DESCRIPTION (provided by applicant): Metastatic melanoma is a highly lethal human malignancy. Despite advances in the field, the molecular genetics of melanoma has not been fully characterized. The Cancer Genome Atlas reports high mutational load for melanoma. Identification of 'driver' genes and novel therapeutics remain as a major focus. Notably, there is a need to classify melanomas based on molecular signatures that has therapeutic relevance. Our main goal is to bring in new treatments to the therapeutic arena for melanoma and stratify patients for treatment based on genetic profiles. We identified FBXW7 mutations as a novel genetic event via exome sequencing of metastatic melanomas. FBXW7 is a tumor suppressor gene that encodes a member of the F-box protein family. The F-box proteins constitute one of the four subunits of ubiquitin protein ligase complex called SCFs (SKP1-cullin-F-box), which function in phosphorylation-dependent ubiquitination and regulates a network of proteins with central roles in cell division, cell growth and differentiation. The substrates of FBXW7 include well-characterized oncoproteins, one of which is NOTCH1. Screening of melanoma samples revealed missense and nonsense mutations in FBXW7, some of which were recurrent. We found that silencing of FBXW7 in human melanoma cell lines result in elevated NOTCH1 levels. Moreover, we showed that xenograft tumors with FBXW7 down regulation respond to NOTCH signaling inhibition. In this proposal, we aim to study the impact of FBXW7 mutations found in human melanoma and the therapeutic benefit of NOTCH1 inhibition in this setting. The studies in this proposal are designed to expand our knowledge regarding genetic events that influence melanoma development and metastasis with the goal of identifying novel targets for future mechanism-driven clinical trials. The ultimate goal of these studies is to translate knowledge gained from molecular studies into tools that can be used in clinical decision-making.

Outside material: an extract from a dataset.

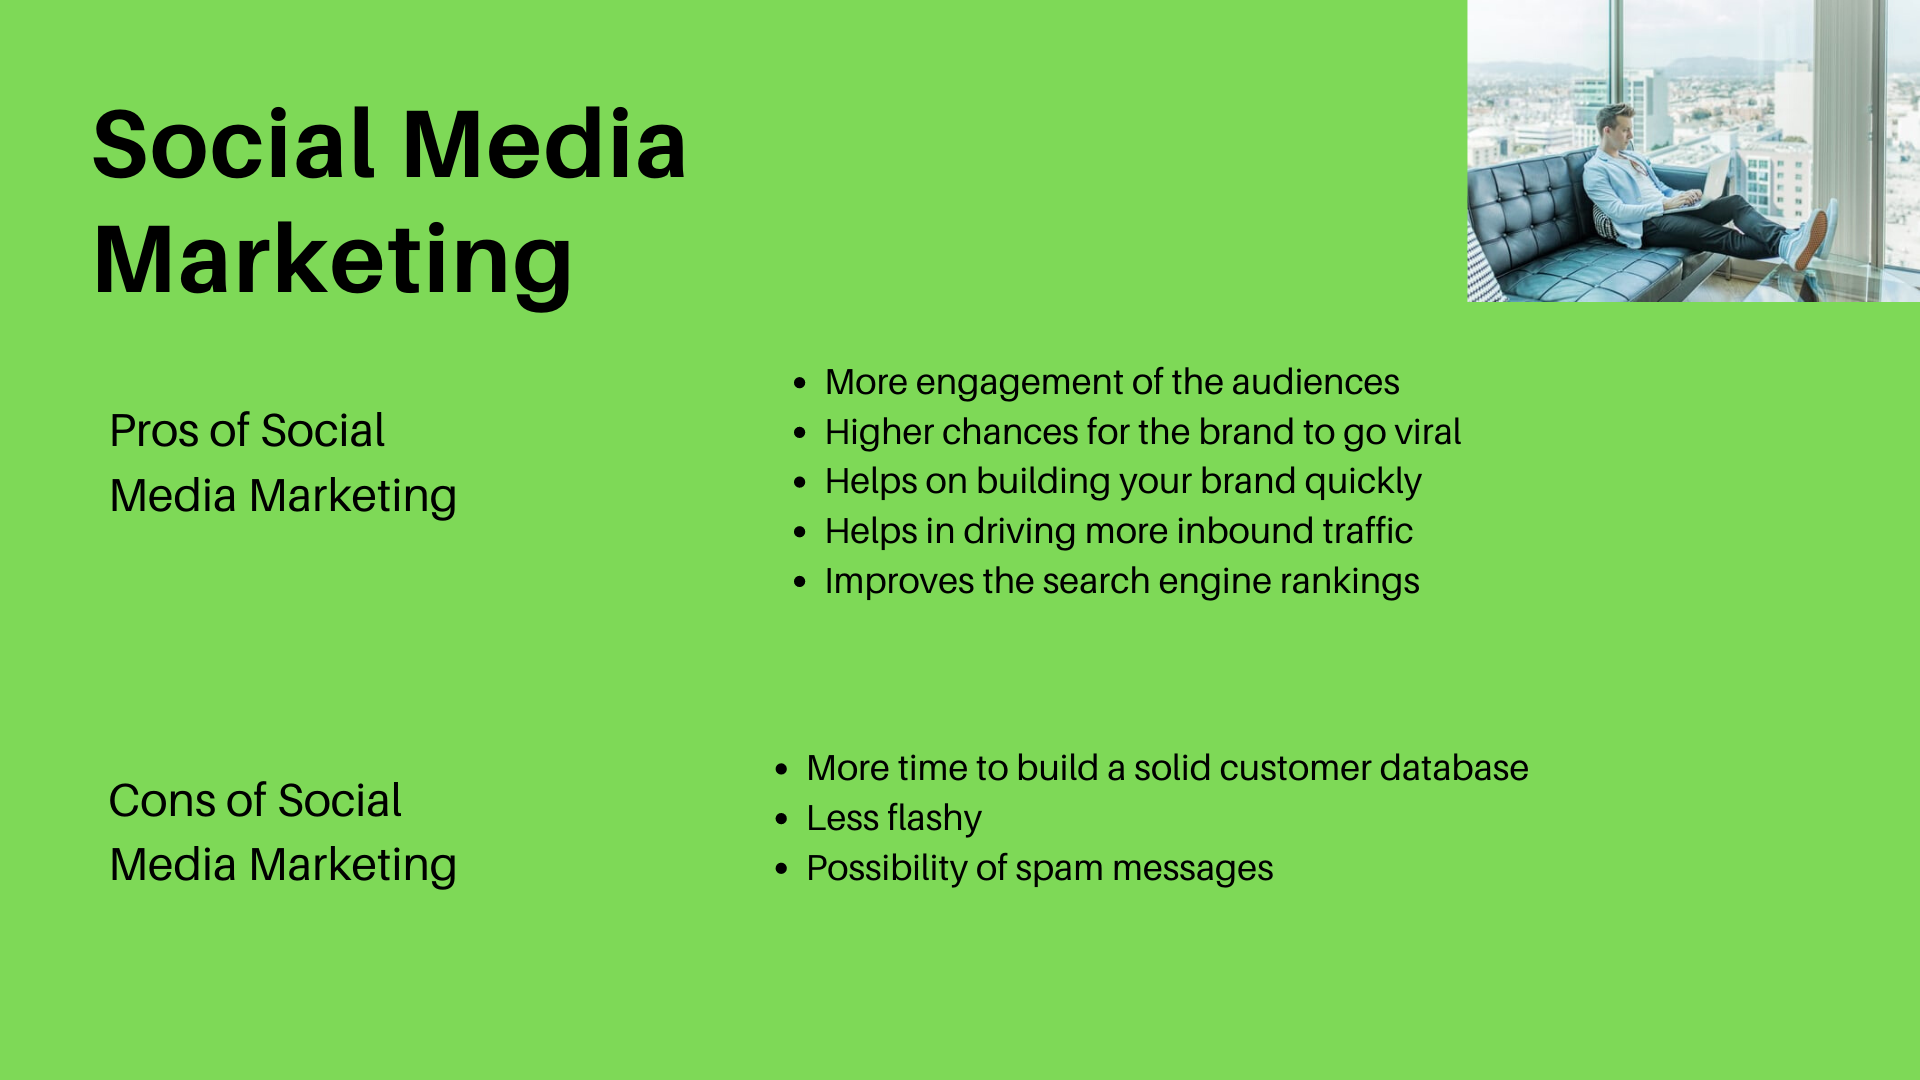 Social Media Marketing Vs Email Marketing

描述（由申请人提供）：转移性黑色素瘤是一种高度致命的人类恶性肿瘤。尽管该领域取得了进展，但黑色素瘤的分子遗传学尚未得到充分表征。癌症基因组图谱报告了黑色素瘤的高突变负荷。 “驱动”基因的识别和新疗法仍然是主要焦点。值得注意的是，需要根据具有治疗相关性的分子特征对黑色素瘤进行分类。我们的主要目标是为黑色素瘤的治疗领域引入新的治疗方法，并根据基因图谱对患者进行分层治疗。我们通过转移性黑色素瘤的外显子组测序将 FBXW7 突变鉴定为一种新的遗传事件。 FBXW7 是一种肿瘤抑制基因，编码 F-box 蛋白家族的成员。 F-box 蛋白构成泛素蛋白连接酶复合物 SCF (SKP1-cullin-F-box) 的四个亚基之一，其在磷酸化依赖性泛素化中发挥作用，并调节在细胞分裂、细胞生长中发挥核心作用的蛋白质网络。和差异化。 FBXW7 的底物包括已充分表征的癌蛋白，其中之一是 NOTCH1。对黑色素瘤样本的筛查发现 FBXW7 存在错义和无义突变，其中一些突变是反复出现的。我们发现人类黑色素瘤细胞系中 FBXW7 的沉默会导致 NOTCH1 水平升高。此外，我们发现 FBXW7 下调的异种移植肿瘤对 NOTCH 信号传导抑制有反应。在本提案中，我们的目标是研究人类黑色素瘤中发现的 FBXW7 突变的影响以及在这种情况下抑制 NOTCH1 的治疗益处。该提案中的研究旨在扩展我们对影响黑色素瘤发展和转移的遗传事件的了解，目的是为未来机制驱动的临床试验确定新靶点。这些研究的最终目标是将分子研究中获得的知识转化为可用于临床决策的工具。